Start of Data below

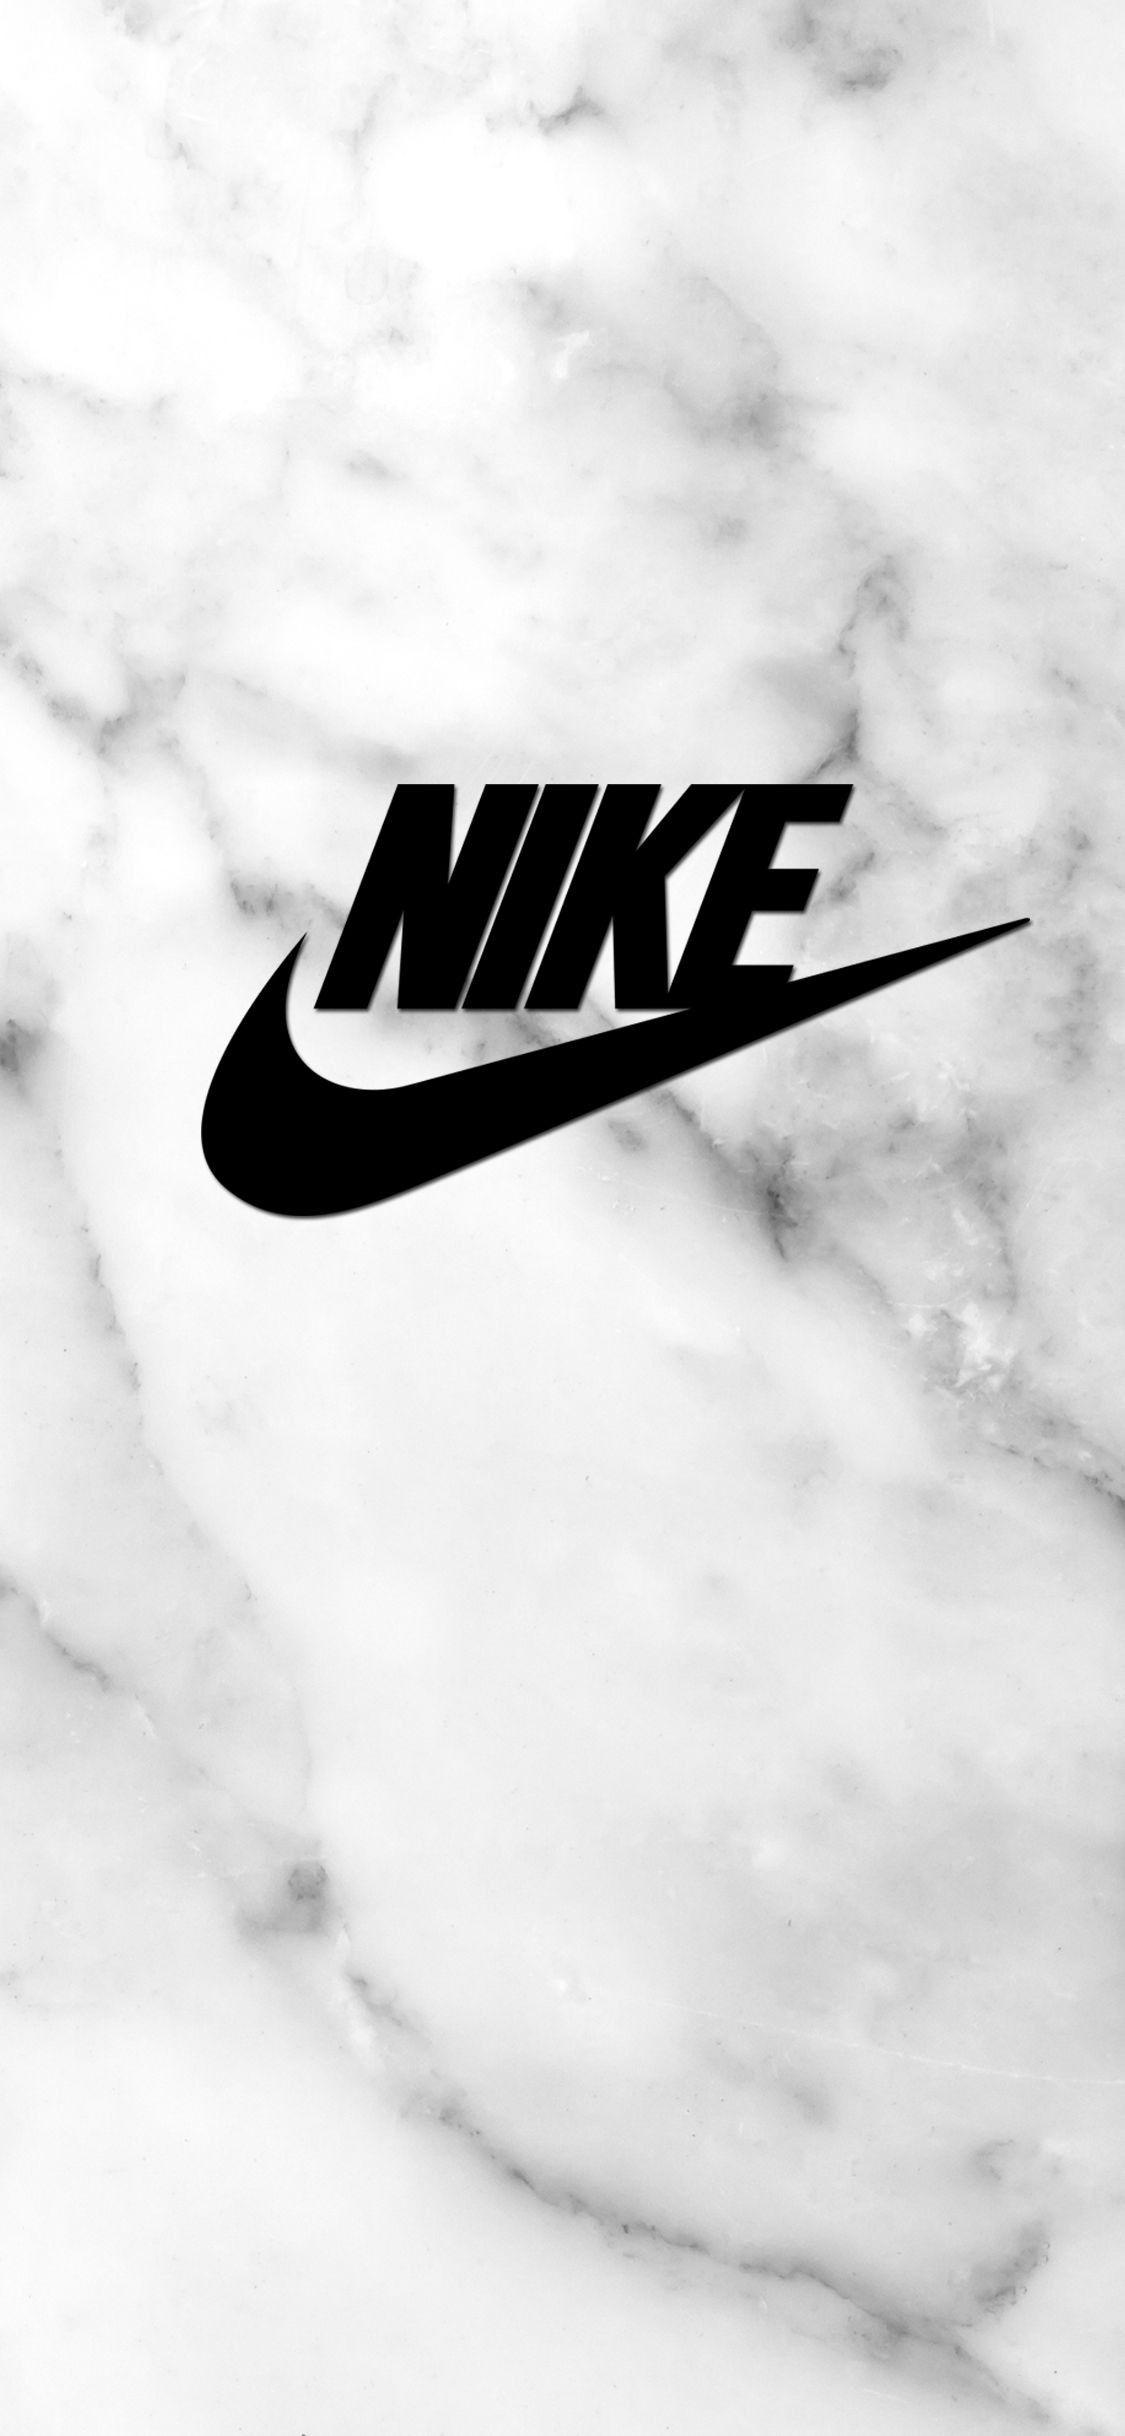 Awesome Nike Wallpaper Iphone 6s Nike Wallpaper Iphone Cool Nike Wallpapers Iphone Wallpaper
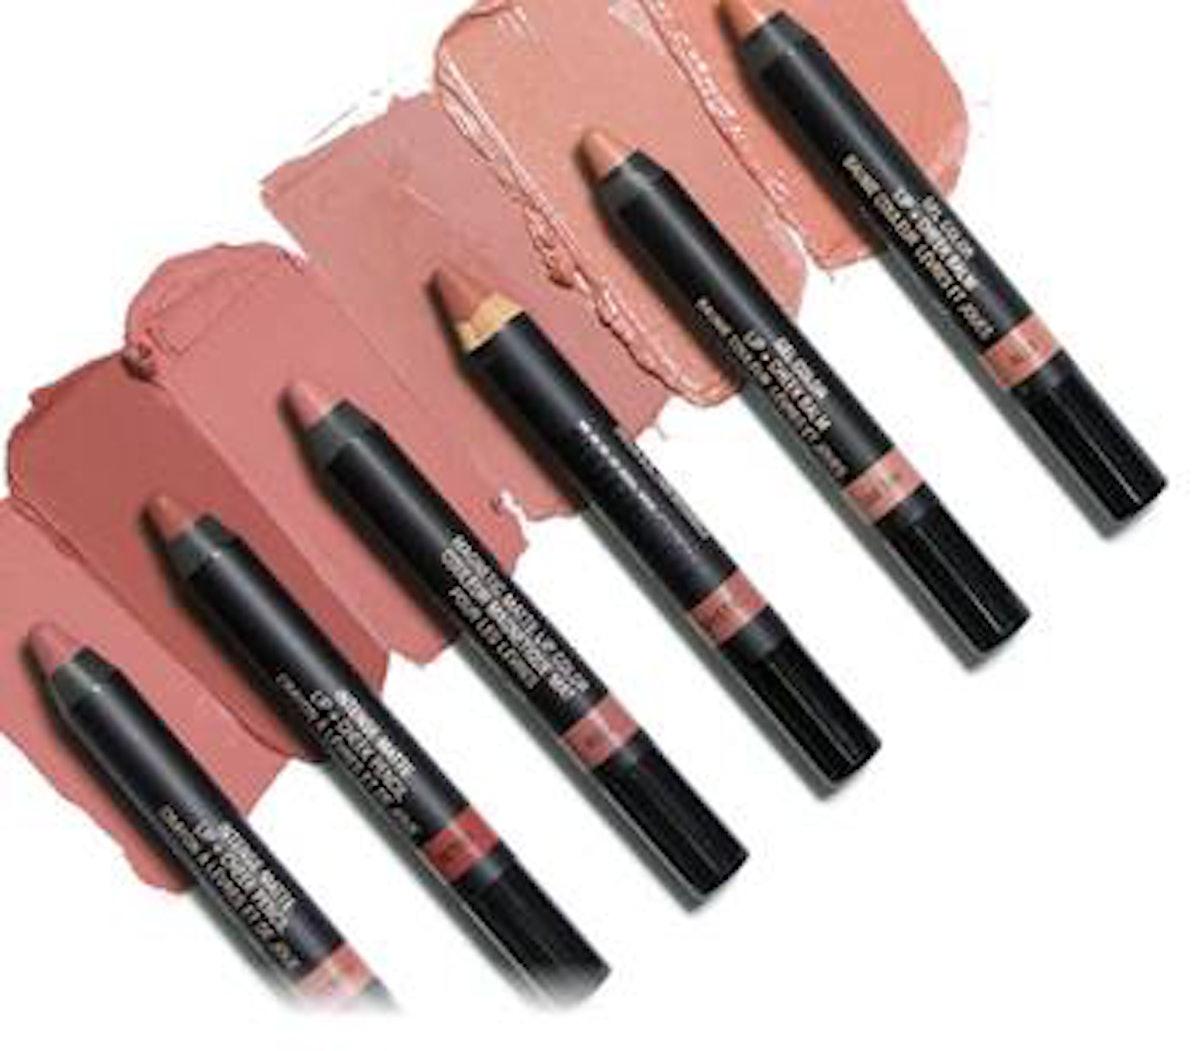 Nudestix Bebe Pinks Lip Kit
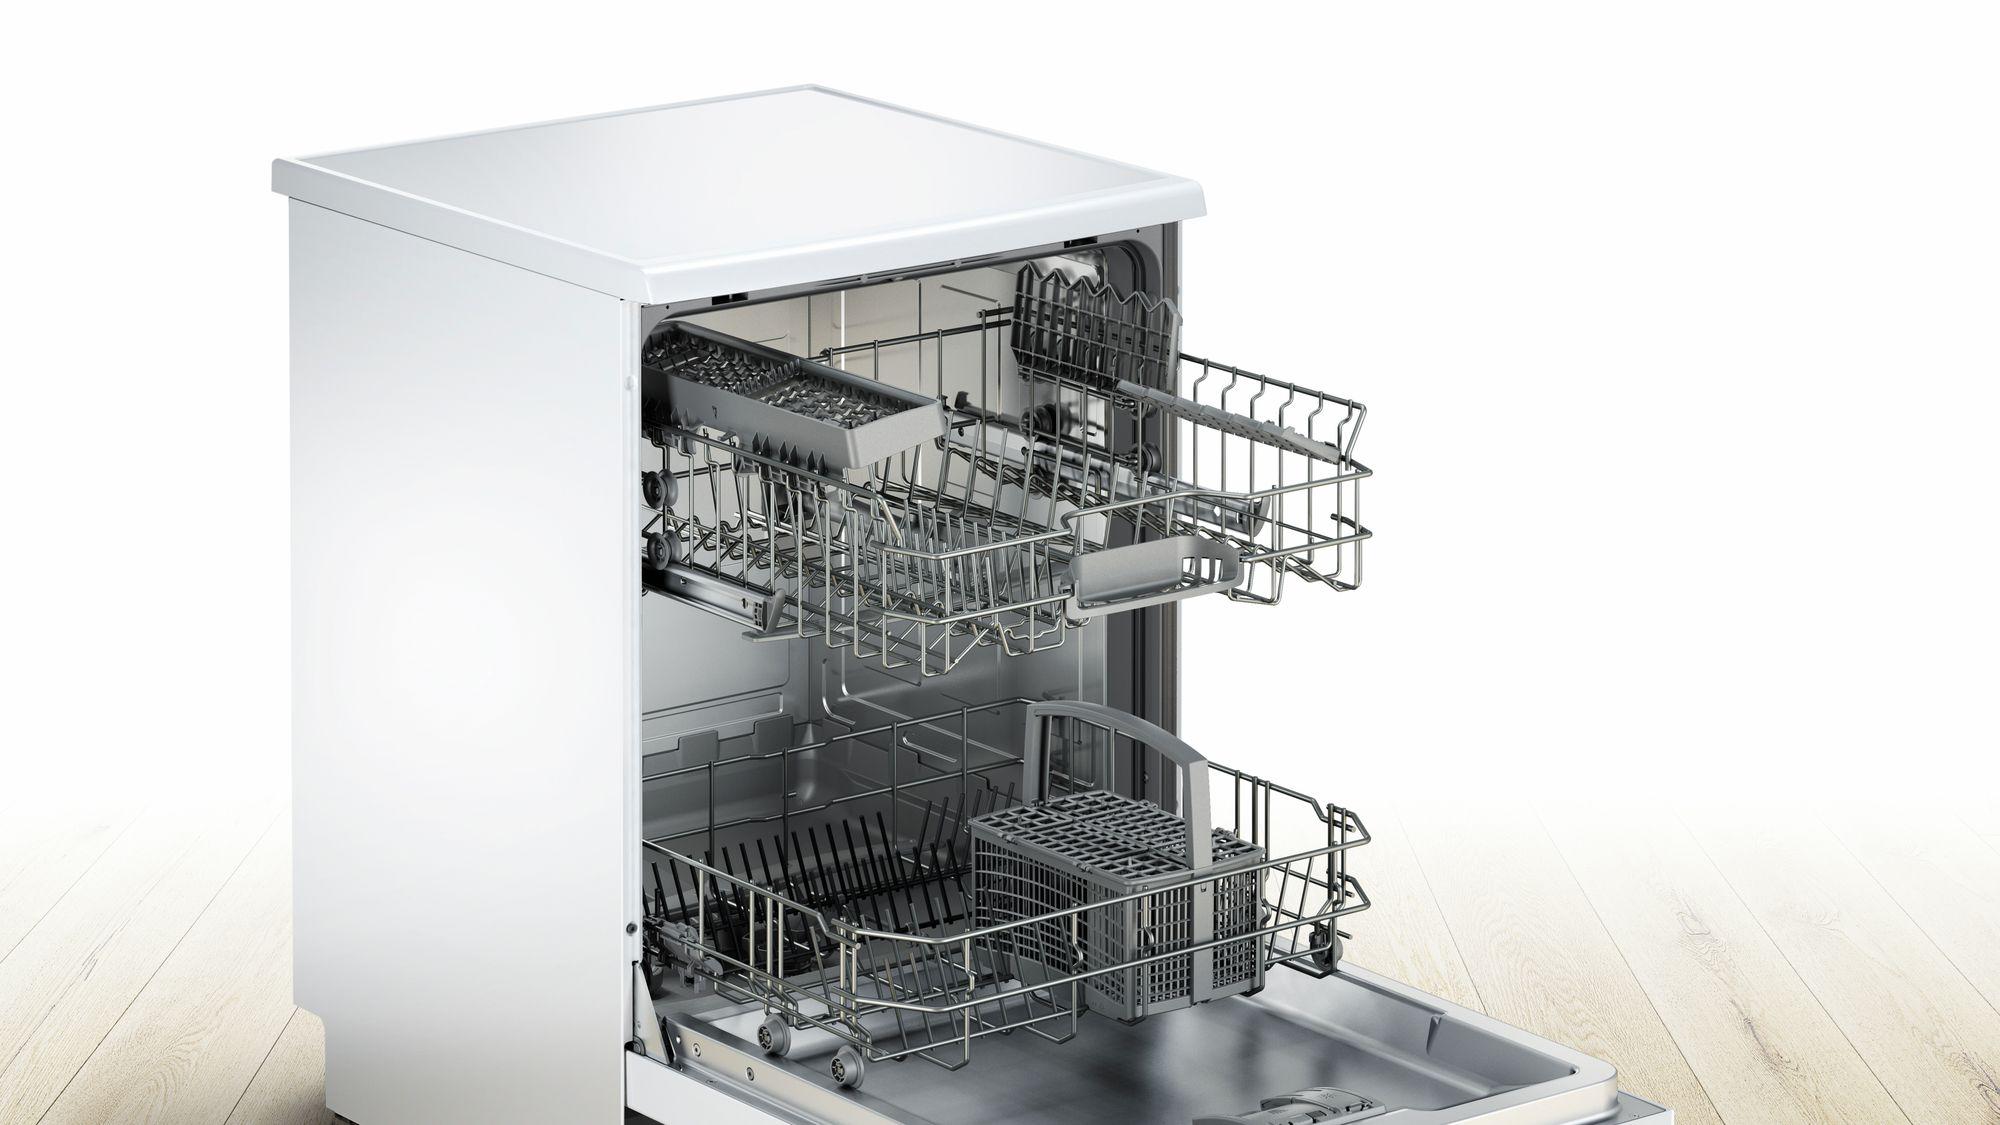 Serie | 4 Silence Plus mašina za pranje sudova, 60 cm samostalna mašina za pranje sudova, bela

End of Data below

◆ Your objective ◆
Please reproduce only the lines from the one holding "Nudestix Bebe Pinks Lip Kit" through the final line of the listing above, both included, with each picture left out.

◆ Response to the exercise ◆
 Nudestix Bebe Pinks Lip Kit
 Serie | 4 Silence Plus mašina za pranje sudova, 60 cm samostalna mašina za pranje sudova, bela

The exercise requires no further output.